Nachdem unsichtbare Kreaturen weite Teile der Weltbevölkerung
ausgelöscht haben, indem sie alle, die sie erblicken, dazu bringen, sich
das Leben zu nehmen, irren Sebastian (Mario Casas) und seine Tochter
Anna (Alejandra Howard) durch die menschenleeren Straßen Barcelonas. Das
Tragen einer Augenbinde scheint das einzige zu sein, was gegen die
Berdrohung hilft - neben der Anwesenheit von Tieren, die die Gefahr
früher wittern und somit vor ihr warnen können. Doch während Sebastian
und Anna sich mit anderen Überlebenden verbünden und sich gemeinsam mit
ihnen auf den Weg zu einem sicheren Zufluchtsort machen, reift eine
Bedrohung heran, die noch schlimmer ist, als die mysteriösen Wesen.
"Bird Box: Barcelona" ist das Spin-off zum Film "Bird Box: Schließe deine Augen" aus dem Jahr 2018, der wiederum auf dem gleichnamigen Sci-Fi-Horrorroman von Josh Malerman basiert.

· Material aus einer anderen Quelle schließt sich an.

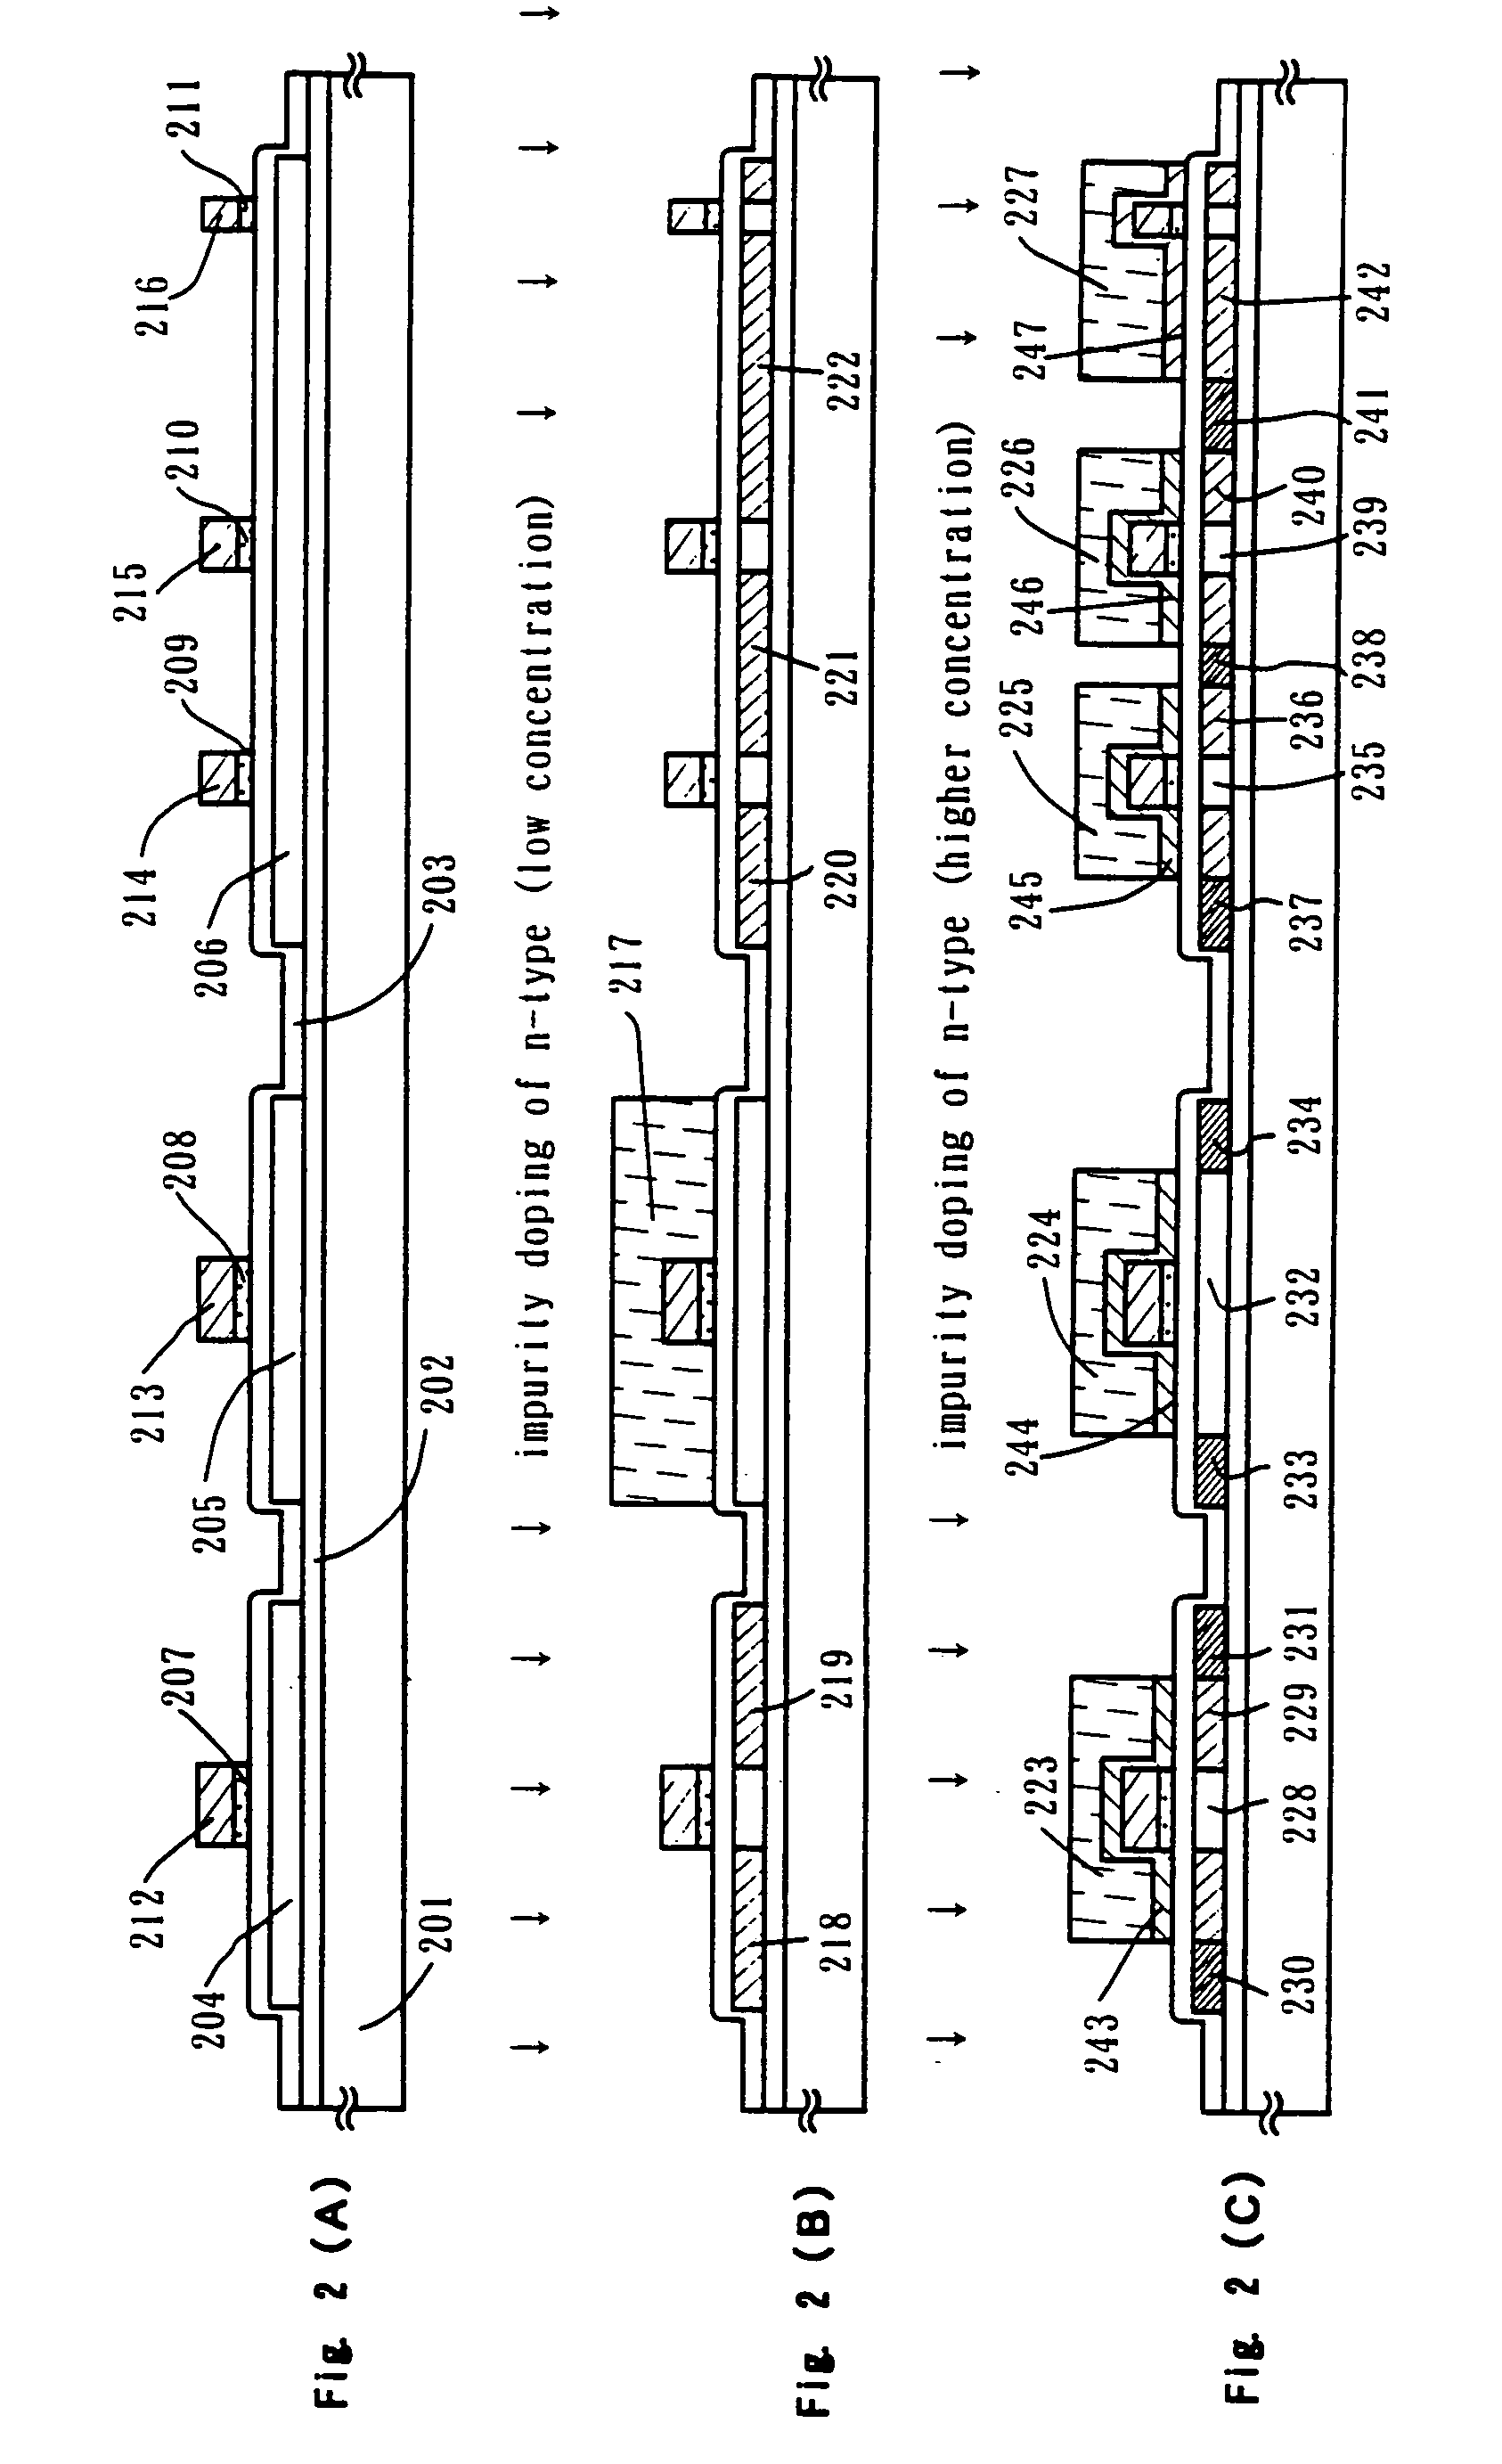 Method of manufacturing semiconductor devices

Susanne Biers Verfilmung war faszinierend und spannend, auch wenn die Betonung des psychologischen Dramas gegenüber dem Nervenkitzel einen eher unwahrscheinlichen Durchbruch zur Folge hatte. Unvermeidlich, wenn auch mit Verspätung, gibt es nun eine Fortsetzung - allerdings nicht als Adaption von Malermans gedruckter Fortsetzung, in der die Leiden der von Sandra Bullock gespielten Figur weitergehen. Stattdessen ist "Bird Box Barcelona" eine Parallelgeschichte, die auf einem ganz anderen Kontinent spielt. Das Drehbuch und die Regie stammen von Alex und David Pastor und sie erweitern das Franchise um einige wirkungsvolle Wendungen, lassen dabei aber die gruselige Spannung des Vorgängerfilms vermissen. Dennoch bleibt "Bird Box: Barcelona" auf seine eigene Weise fesselnd. Es stellt sich jedoch heraus, dass "Barcelona" ein bisschen wie ein toter Baumstamm ist. Obwohl er in mancher Hinsicht raffiniert und umfangreicher ist und größere Actionsequenzen enthält, erweist er sich als überlanger Beitrag, bei dem jeder Versuch, dieses Fantasy-Universum neu zu gestalten, dem Zuschauer kaum etwas bringt. Der Film begeht außerdem einen entscheidenden Fehler, der das ganze Unternehmen fast von Anfang an in den Abgrund reißt.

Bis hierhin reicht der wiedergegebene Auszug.